Presidente da AMAMSUL é o entrevistado do Fato Notório
O presidente da Associação de Magistrados de Mato Grosso do Sul, Wilson Leite Corrêa, é o entrevistado desta semana do Informativo Jurídico FATO NOTÓRIO e falou sobre a produtividade da justiça de primeira instância e do papel do CNJ para a magistratura brasileira, além dos problemas de saúde a que os juízes estão expostos no exercício da profissão.
Leia a íntegra da entrevista:
FATO NOTÓRIO: Quais são os desafios da magistratura da primeira instância?
WILSON CORRÊA: Por conta do processo eletrônico, o andamento dos processos ficou muito rápido. Os processos chegam muito rápido ao gabinete do juiz e não temos uma estrutura compatível com esta movimentação processual. Precisamos aprimorar a estrutura de gabinete dos juízes de primeira instância, principalmente no interior, onde cada juiz tem apenas um assessor. Antes não tínhamos nem isso. Quando um juiz realiza uma audiência, é este assessor quem o auxilia e, por conta disto, os processos ficam parados. É preciso uma estrutura e suporte ao juiz para que haja tramitação mais rápida dos processos.
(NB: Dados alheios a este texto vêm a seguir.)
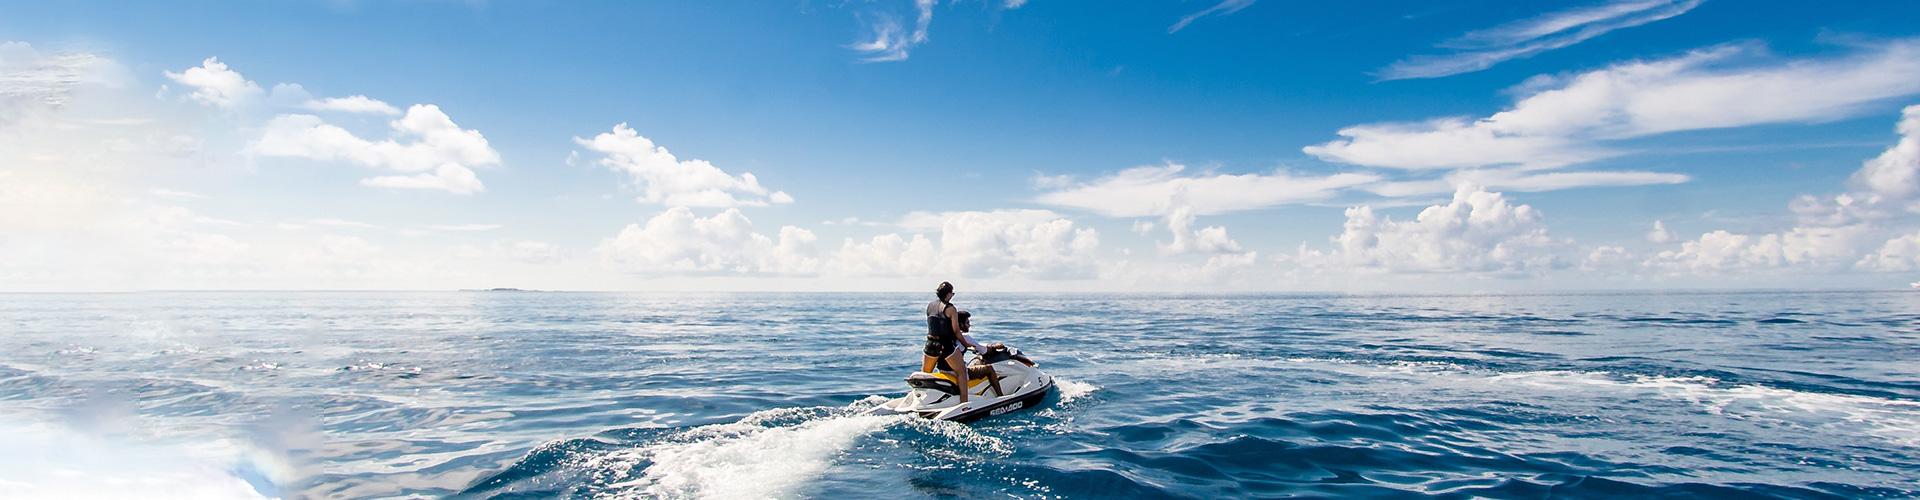 Watersportverzekering op reis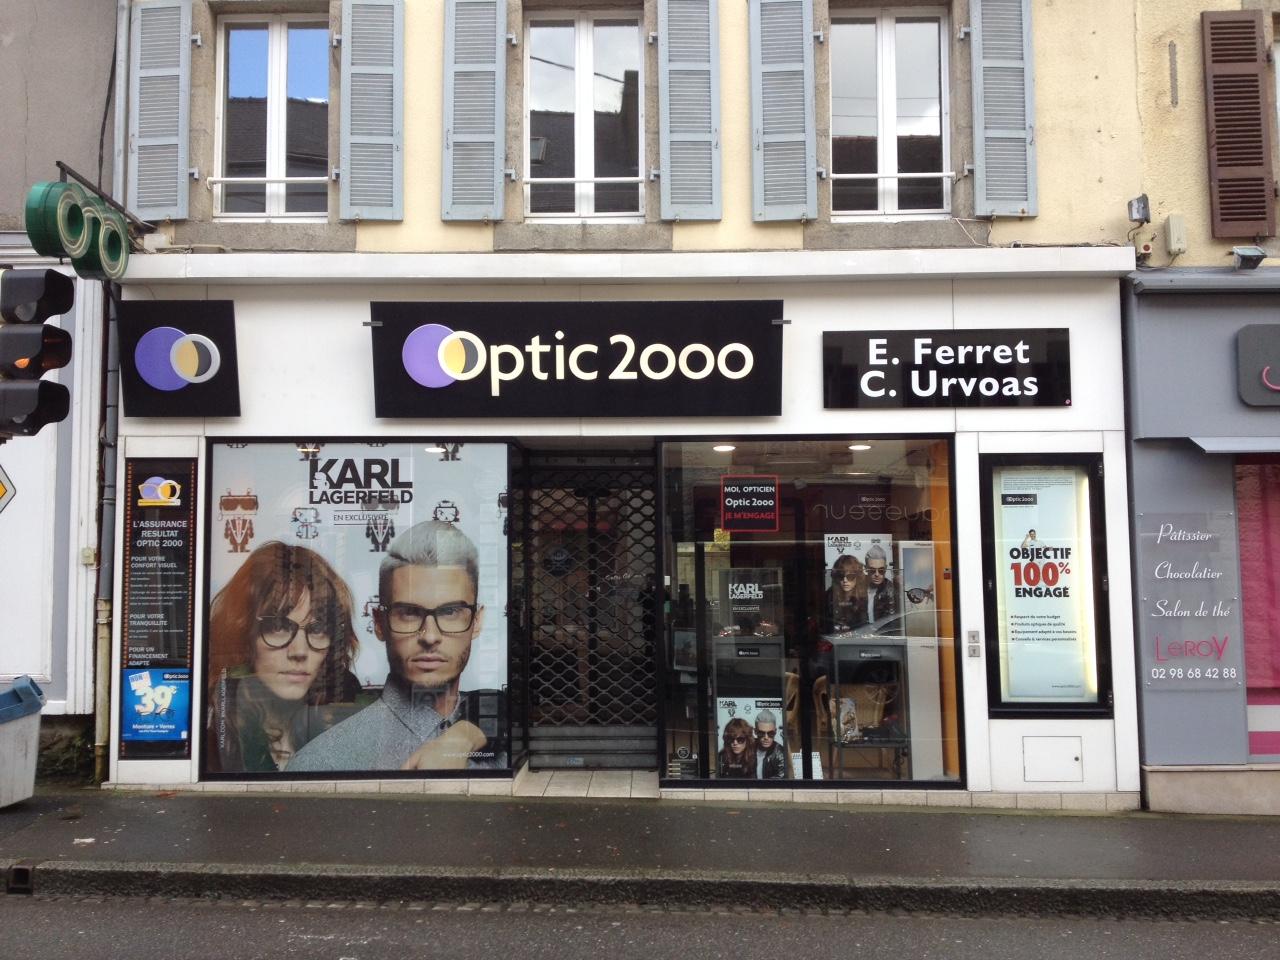 opticien landivisiau 29400 lunettes femme lunettes homme optic 2000. Black Bedroom Furniture Sets. Home Design Ideas

FATO NOTÓRIO: O que é preciso aprimorar nas comarcas do interior e da fronteira?
WILSON CORRÊA: Em questões materiais, hoje está boa a situação. Prédios novos, estrutura física também boa. Mas, temos uma grande dificuldade com as empresas de telefonia. O processo eletrônico exige que a rede tenha certa capacidade para operar bem. As cidades menores passam por dificuldades com isto e o juiz tem dificuldade para operar o processo eletrônico nas comarcas do interior.
FATO NOTÓRIO: E o problema de servidores da justiça?
WILSON CORRÊA: Já foi pior. O TJ/MS criou um programa chamado CPE (Central de Processamento Eletrônico) que é um projeto padrão que será aplicado em todo o Estado e pretende transferir para essa central a grande maioria de atos cumpridos nos cartórios. Grande parte dos atos será cumprida na CPE, ficando para as comarcas uma parte menor dos atos e amenizando eventual deficiência de quadro de pessoal.?
FATO NOTÓRIO: Como está a questão da segurança e da saúde do magistrado?
WILSON CORRÊA: Essa questão da saúde do magistrado é preocupante e com o processo eletrônico tende a aumentar, por conta das doenças funcionais. O problema é que os juízes recebem sempre uma carga que é “negativa”: causas criminais, questões cíveis, direito de família, ou seja, nunca é trazida ao Judiciário uma coisa boa, sempre é algo ruim. O ambiente do juiz é muito estressante, todos os dias ele lida com litígios e ele tem a missão de resolver esses litígios. Essa situação de estresse e pressão acabam desencadeando outras doenças como problemas cardíacos, depressão, problemas psicológicos. Nosso ambiente é muito estressante. O CNJ abriu consulta pública para criar uma política de atenção à saúde e o TJMS começa a cuidar da questão. Mas, de fato, não temos nada voltado para a saúde do magistrado. E essa questão das doenças tem aumentado a cada ano.
FATO NOTÓRIO: E existe um programa voltado à segurança do magistrado?
WILSON CORRÊA: Existe uma comissão de segurança no TJ/MS, composta de policiais civis e militares, que presta essa assessoria na parte de segurança. Há questões de inteligência e averiguação de riscos para resguardar o magistrado.
FATO NOTÓRIO: O senhor é a favor do CNJ, acha que ele extrapola em suas decisões?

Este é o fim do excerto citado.